Town in Oromia Region, Ethiopia

Beshasha (meaning 'open handed/kind' in Afaan Oromoo) is a town in central Ethiopia. It is located in the Gomma woreda near Agaro, which is a part of the Jimma Zone in the Oromia Region. The town is well known for being the birthplace of Ethiopian prime minister and 2019 Nobel Peace Prize winner Abiy Ahmed.

Based on figures from the Central Statistical Agency in 2005, Beshasha has an estimated total population of 2,624 of whom 1,320 were males and 1,304 were females. The 1994 census reported this town had a total population of 1,467 of whom 716 were males and 751 were females. It is one of six towns in Gomma woreda.

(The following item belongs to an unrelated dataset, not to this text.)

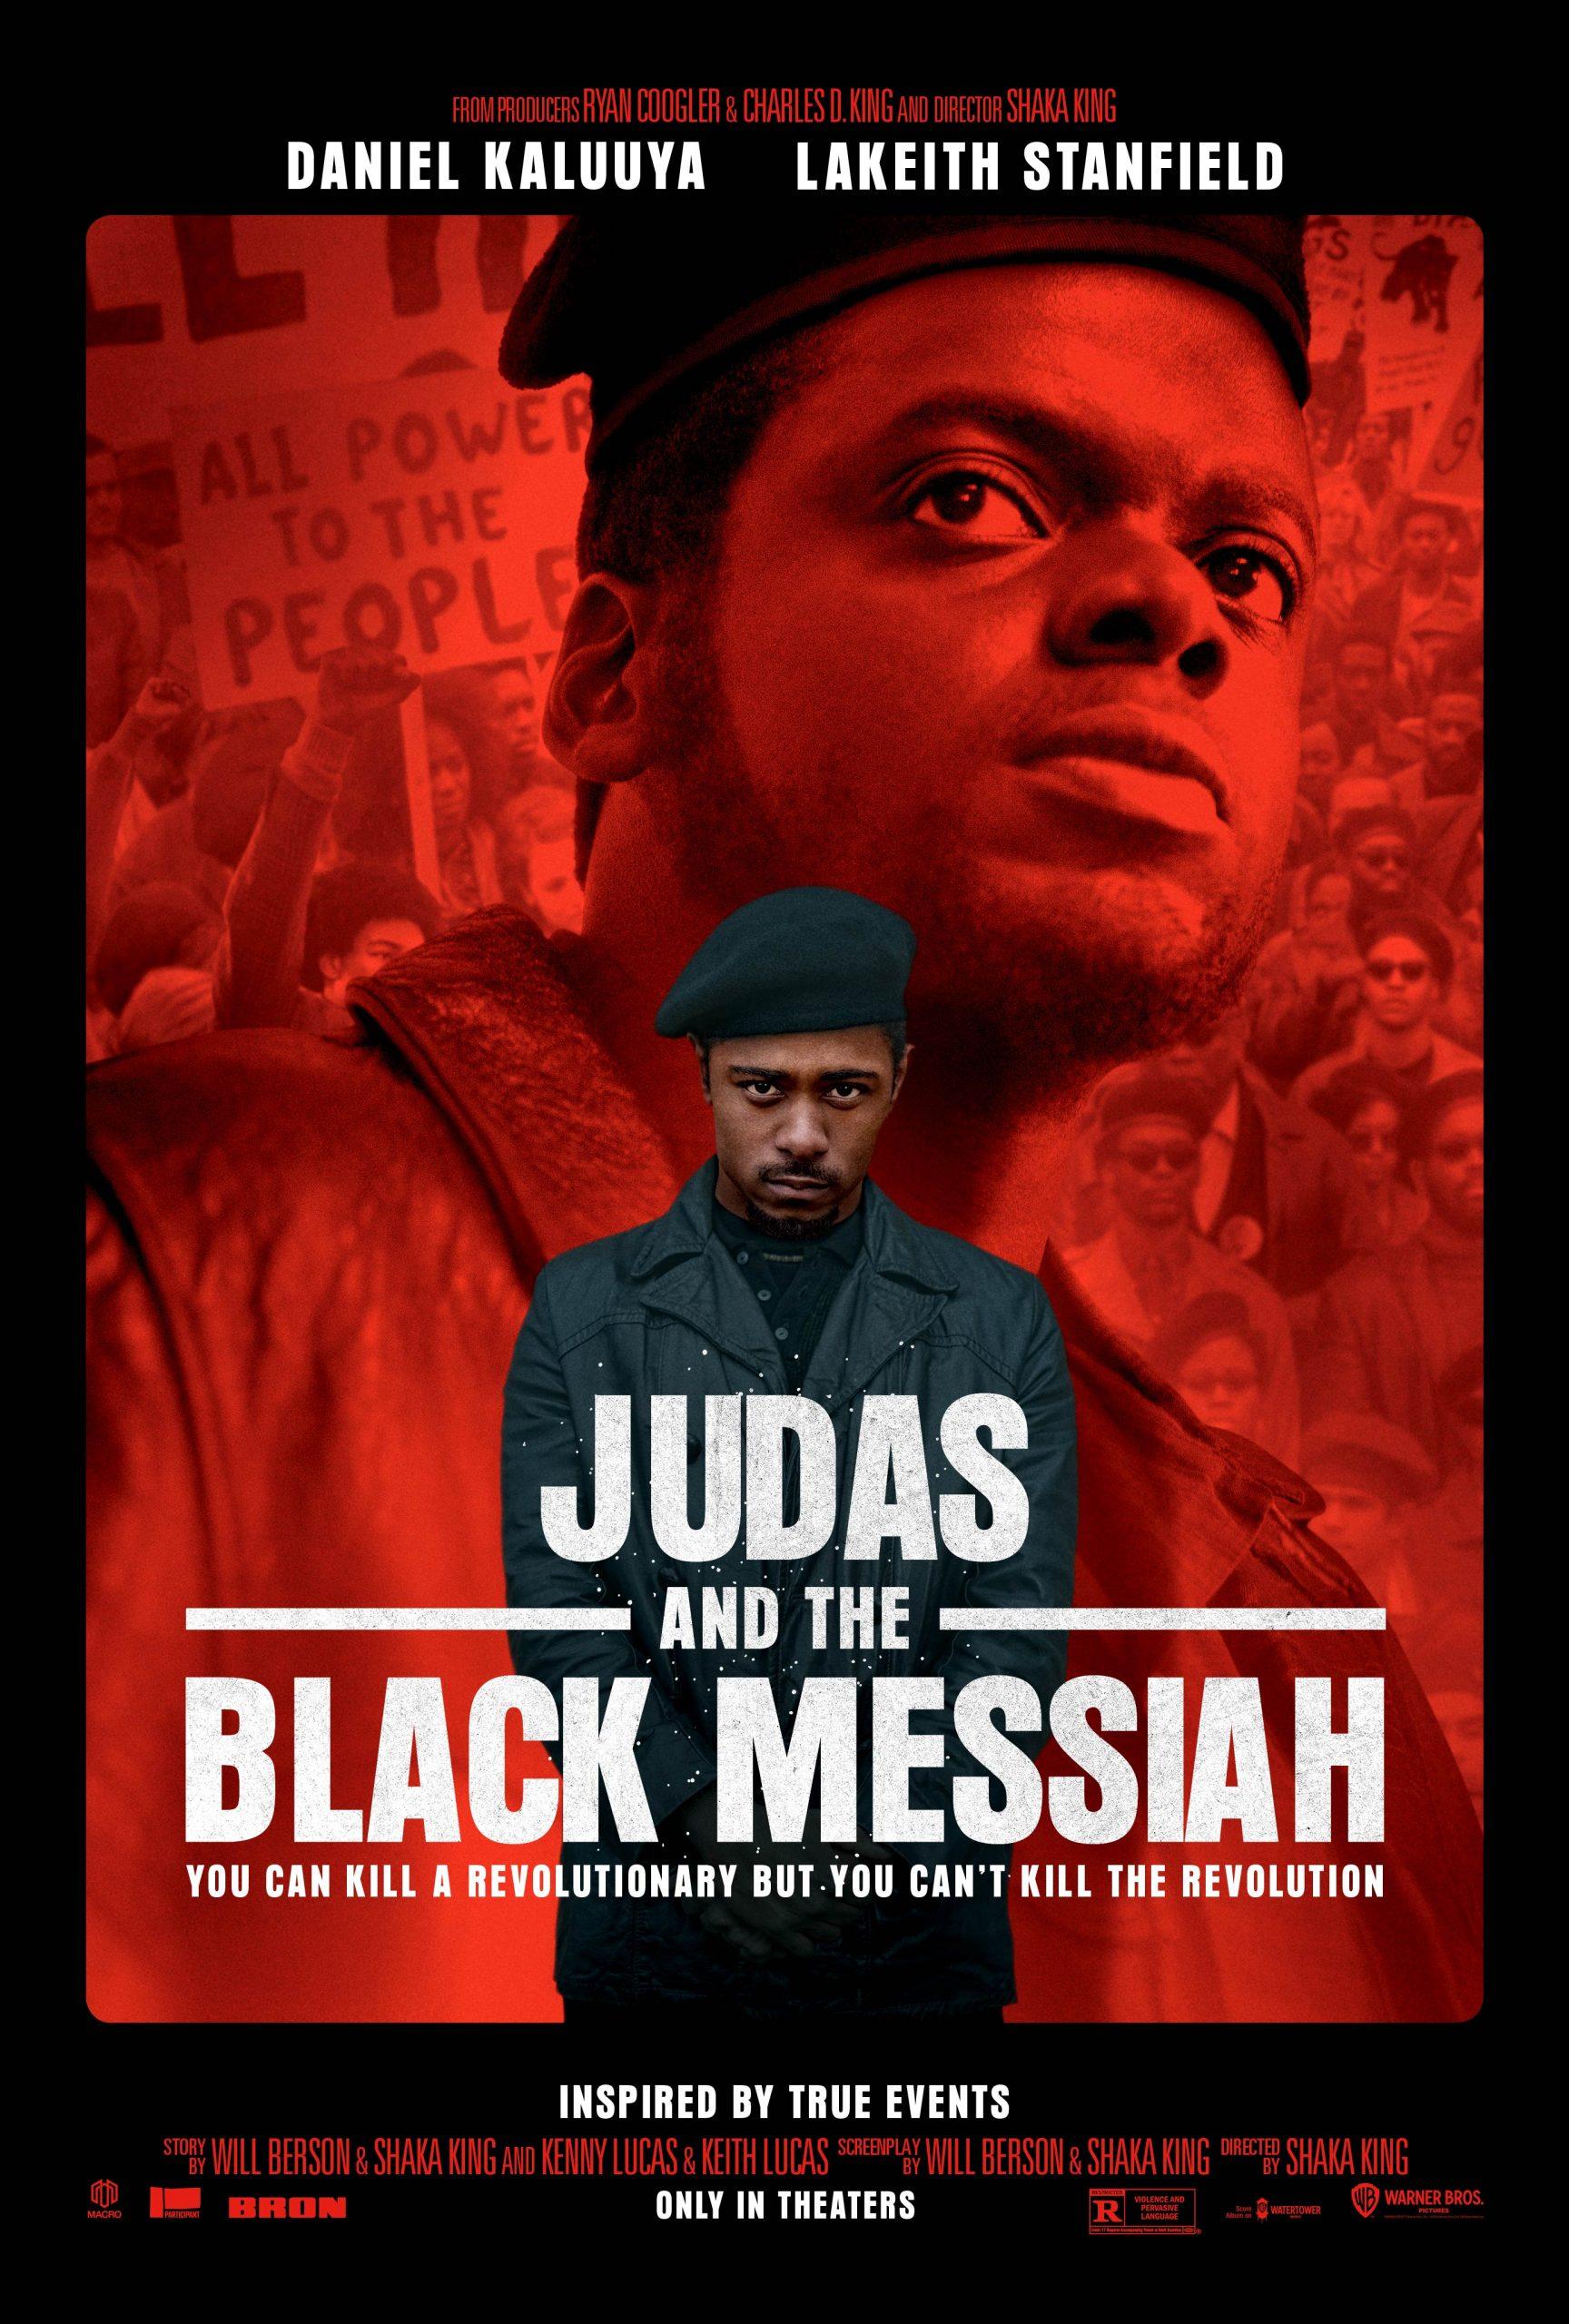 New Movie: JUDAS AND THE BLACK MESSIAH Starring Daniel Kaluuya

Records at the Nordic Africa Institute website provide details of a primary school constructed with Swedish funds at Beshasha in 1965. On 14 October 2006, three hundred Muslims, armed with guns and knives, reportedly attacked a group of unarmed Ethiopian Christians. Reports claim that six people (two priests, two elderly women and two men) were killed and 15 others wounded. The Christians were holding a midnight worship service in a local church. In February of the following year, the Jimma Federal High Court sentenced six men to death and 100 other defendants to prison for their participation in this attack.